Seconde tendance : l’usinage à base de connaissances. Il s’agit de répondre à la difficulté des industriels : trouver des opérateurs machines avec de l’expérience, et raccourcir les délais de fabrication. Premier axe de progrès notable, la reconnaissance des features géométriques de la pièce. Tous les logiciels du marché sont ainsi capables d’analyser ces éléments géométriques. Puis de les organiser en séquence d’usinage : poches, îlots, frontières et perçages, d’y inclure des caractéristiques physiques telles que la hauteur, l’épaisseur, la dépouille, le volume et la surface. Enfin, d’y affecter les cycles d’usinages et outils correspondants. C’est en quelque sorte le « précâblage » dans lelogiciel des best-pratices métier pour l’usinage de formes récurrentes, prismatiques, ou de pièces spécifiques comme les aubes de turbines par exemple. Ces fonctions sont intégrées à des assistants qui guident l’opérateur à chaque étape de son process, depuis la conception de sa pièce jusqu’à la phase d’inspection. Selon les paramètres indiqués par l’opérateur, l’assistant détermine l’enchaînement des séquences d’usinage, les stratégies optimales pour les formes reconnues, etc. On peut d’ailleurs compléter ces automatismes de ses propres programmes d’usinage que l’on souhaite normaliser pour des pièces similaires.

ANTICOLLISION ?LA FONCTION VITE INDISPENSABLE

Les usinages en 5 axes continus, à l’intérieur de poches, ou avec des vitesses d’avance atteignant parfois les 60 m/min… augmentent les risques de collision préjudiciables pour la machine et la pièce, sans compter le portefeuille de l’usineur. Dans ces conditions, la fonction « anticollision » devient incontournable et constitue, elle aussi, un sujet de développement pour les éditeurs de CFAO. Pour que l’anticollision soit efficace, il faut que la simulation prenne en compte les cinématiques et les formes de la machine et de son environnement (outil, broche, bâti machine, outillage…). C’est pourquoi, les logiciels intègrent des bibliothèques contenant ces informations pour les machines courantes du marché et leurs équipements. Dans le cas où votre environnement n’est pas répertorié, les fonctions de modélisation du logiciel de CFAO vous permettent de créer vousmême les volumes englobants.
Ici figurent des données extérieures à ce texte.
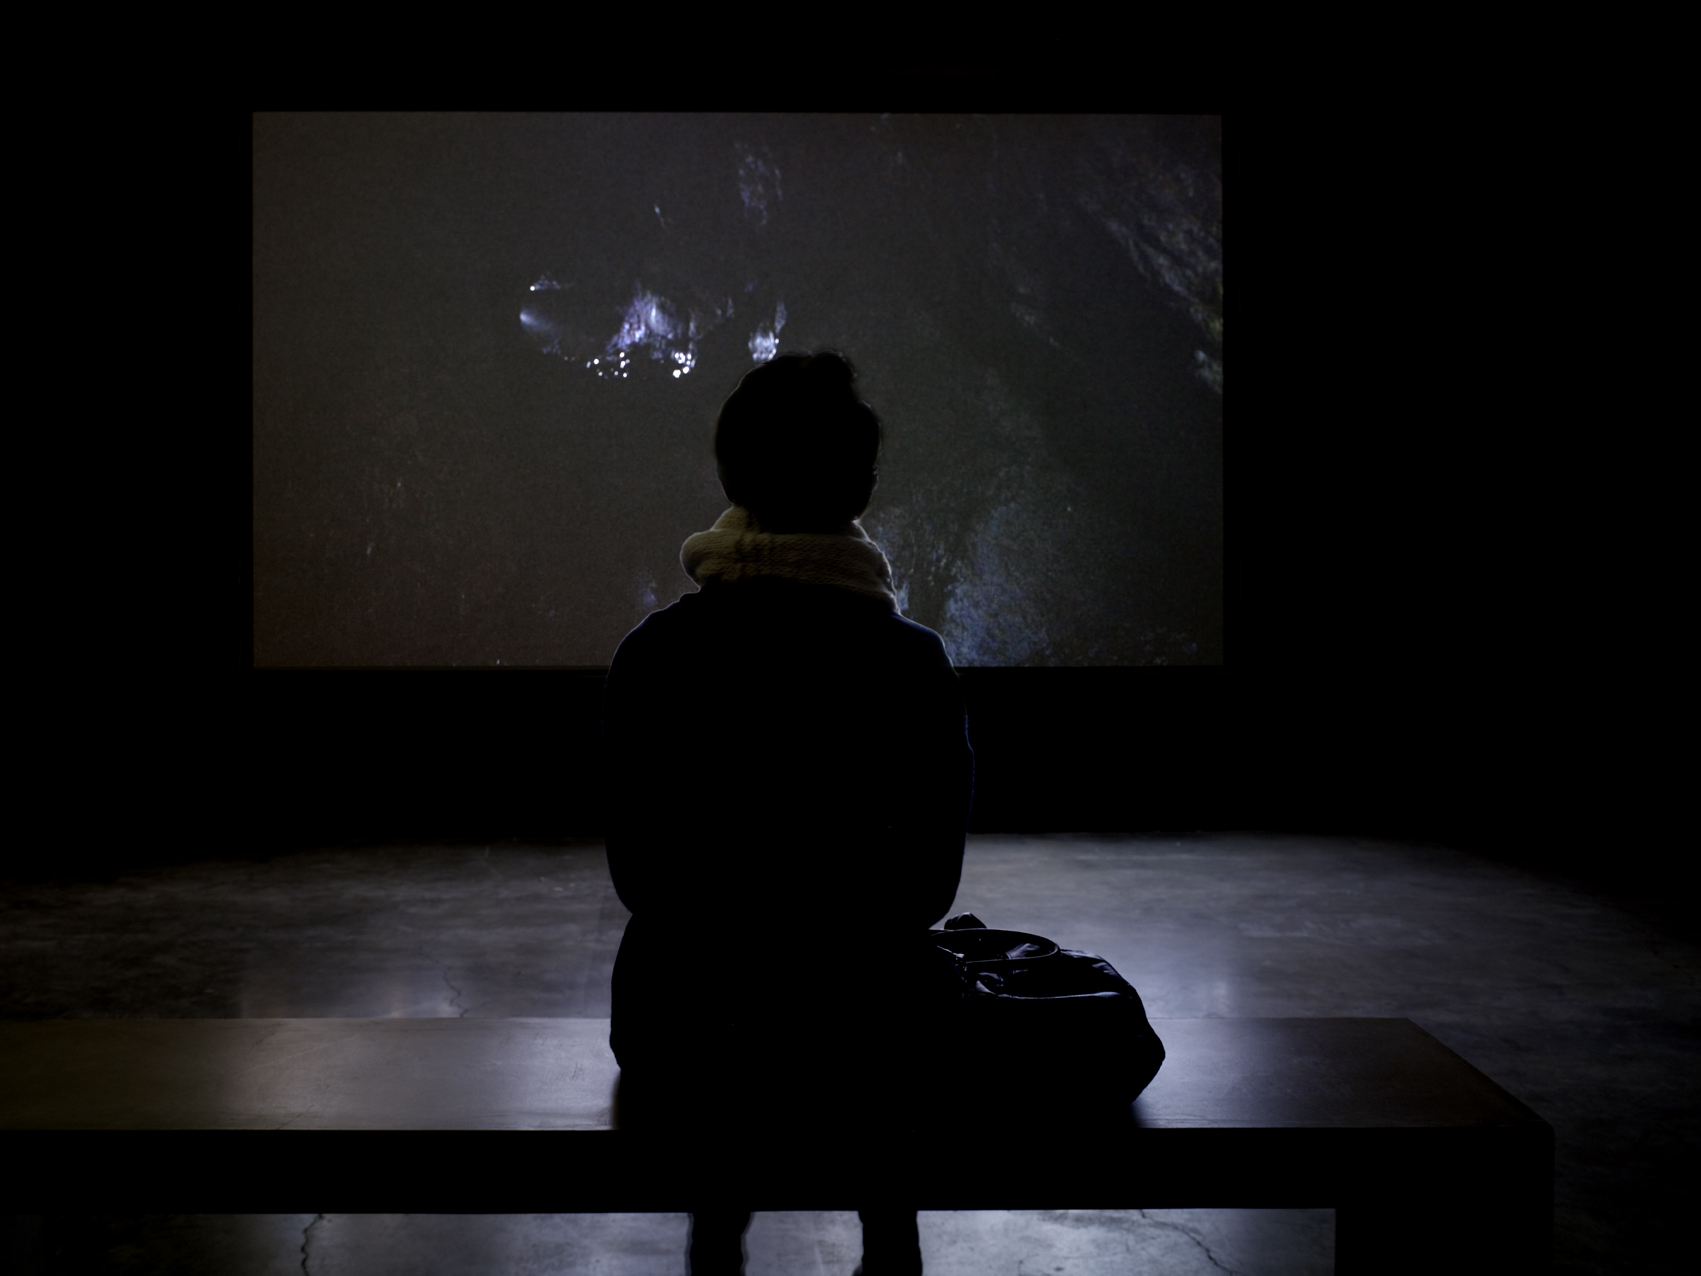 Vue de l’exposition de Laurent Pernot “Ruée vers la perdition”, Palais de Tokyo. Sam Art Projects. Photo André Morin.

Cette simulation reste performante, mais « théorique », car elle ne tient pas forcément compte des conditions réelles de l’usinage : évolution permanente du brut en cours d’usinage, spécificités de la machine-outil, éventuelles modifications apportées par l’opérateur, changement d’outil par rapport au programme, ou déplacement d’une bride, par exemple. La gestion de collisions est d’ailleurs particulièrement délicate lorsque l’on change de machine. Certains logiciels contournent le problème avec une fonction de « parcours assemblés » permettant à l’utilisateur de maîtriser la connexion entre les parcours avant de post-processer. En s’appropriant le contexte d’usinage, ils utilisent la cinématique de la machine pour réadapter automatiquement le parcours d’outils au nouveau contexte machine.

LE CLOUD ENTRE PROGRESSIVEMENT DANS LES ATELIERS

C’est sans aucun doute l’une des tendances les plus récentes, même si elle reste pour l’instant embryonnaire. Le cloud fait en effet son apparition dans le domaine de la production. Première application : le site MachiningCloud, un site internet pour accéder à des applications, des données, des services, et des ressources spécifiques. Les bibliothèques comprennent les données mises en ligne par les fournisseurs de machines-outils, d’outillages, d’outils coupants, de porte-outil… comme leurs géométries et caractéristiques techniques, les choix possibles d’assemblage, etc. Le service est totalement gratuit, il permet de sauvegarder ses programmes et ses outils et d’obtenir des recommandations en matière d’avance et de vitesse, le tout directement sur votre poste de FAO. Côté éditeur, certains sont prêts à porter leurs solutions dans le cloud, pour notamment déporter les calculs de parcours d’outils, lancer plusieurs calculs simultanés afin de choisir le plus pertinent ou encore héberger sur des serveurs distants les programmes et codes iso des clients. L’idée étant de faciliter le basculement d’usinage d’un site à l’autre et d’une machine à l’autre. Reste à trouver les bons modèles économiques et à vaincre les résistances compréhensibles.